In November 2023, the FASB issued ASU 2023-07, “Segment Reporting (Topic 280): Improvements to Reportable Segment Disclosures”, which improves reportable segment disclosure requirements. The amendments require the disclosure of (1) significant segment expenses that are regularly provided to the CODM and included within each reported measure of segment profit or loss; (2) an amount for other segment items by reportable segment and a description of its composition; and (3) the title and position of the CODM and an explanation of how the CODM uses the reported measure(s). The amendments also provide disclosure requirements for interim periods and entities that have a single reportable segment. The new guidance is required to be applied retrospectively to all prior periods presented in the financial statements. This guidance is effective for the Company for the year ending March 31, 2025 and interim reporting periods during the year ending March 31, 2026. Early adoption is permitted. The Company is evaluating the impact of the adoption of this guidance.

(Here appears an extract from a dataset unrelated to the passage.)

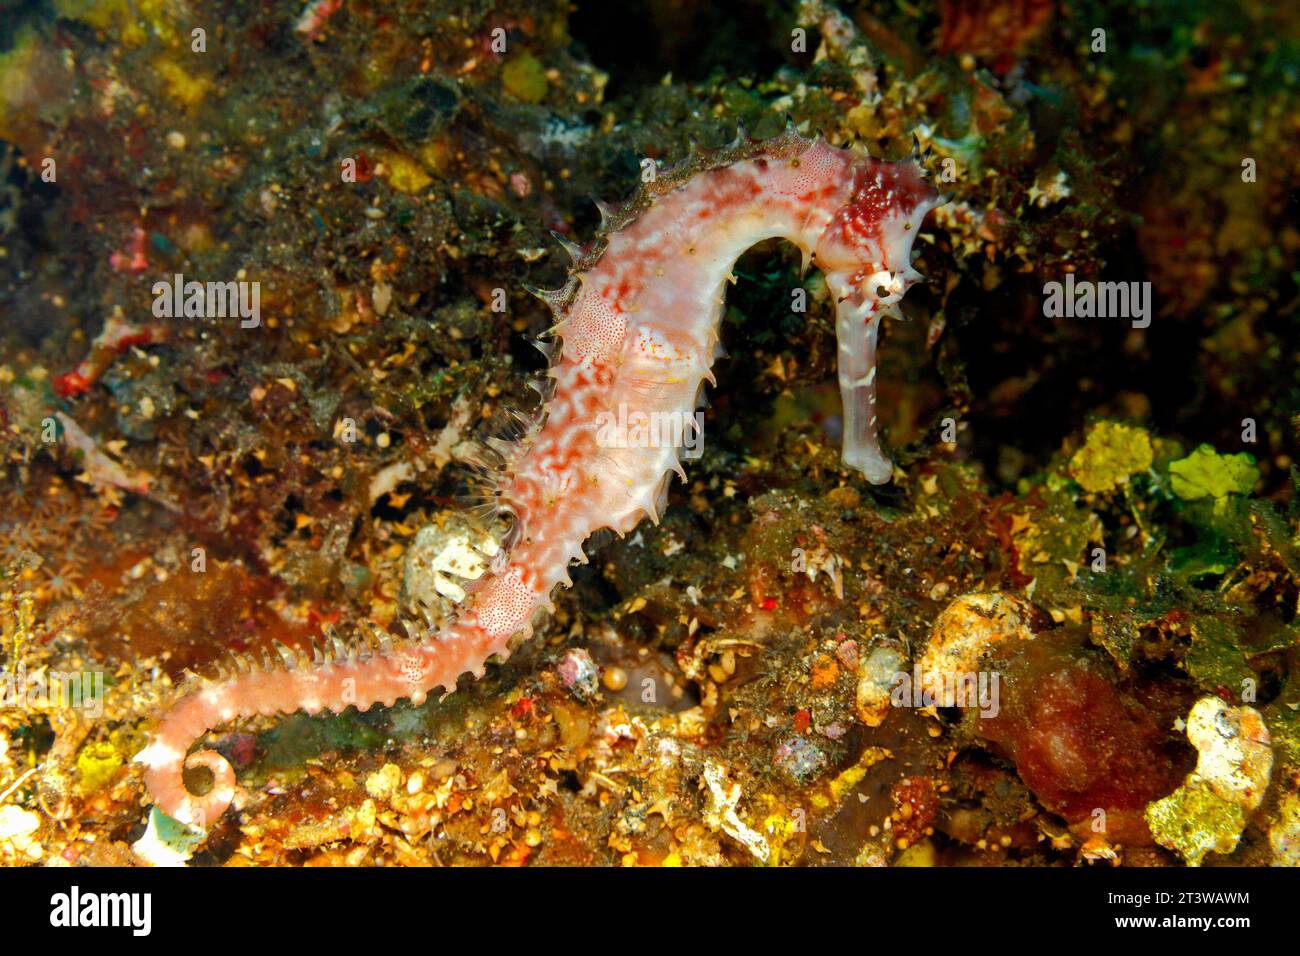 Cavalluccio marino spinoso, noto anche come cavalluccio marino spinoso, Hippocampus histrix, che nuota sulla barriera corallina sott'acqua, in cerca di cibo. Tulamben, Bali, Indonesia. Foto Stock

In December 2023, the FASB issued ASU 2023-09, “Income Taxes (Topic 740): Improvements to Income Tax Disclosures”, which improves income tax disclosures. The amendments require the disclosure of specific categories in the rate reconciliation and additional information for reconciling items that meet a quantitative threshold. The amendments also require disaggregated information about the amount of income taxes paid (net of refunds received), Income (or loss) from continuing operations before income tax expense (or benefit) and Income tax expense (or benefit) from continuing operations. The new guidance is required to be applied either prospectively or retrospectively. This guidance is effective for the Company for the year ending March 31, 2026. Early adoption is permitted. The Company is evaluating the impact of the adoption of this guidance.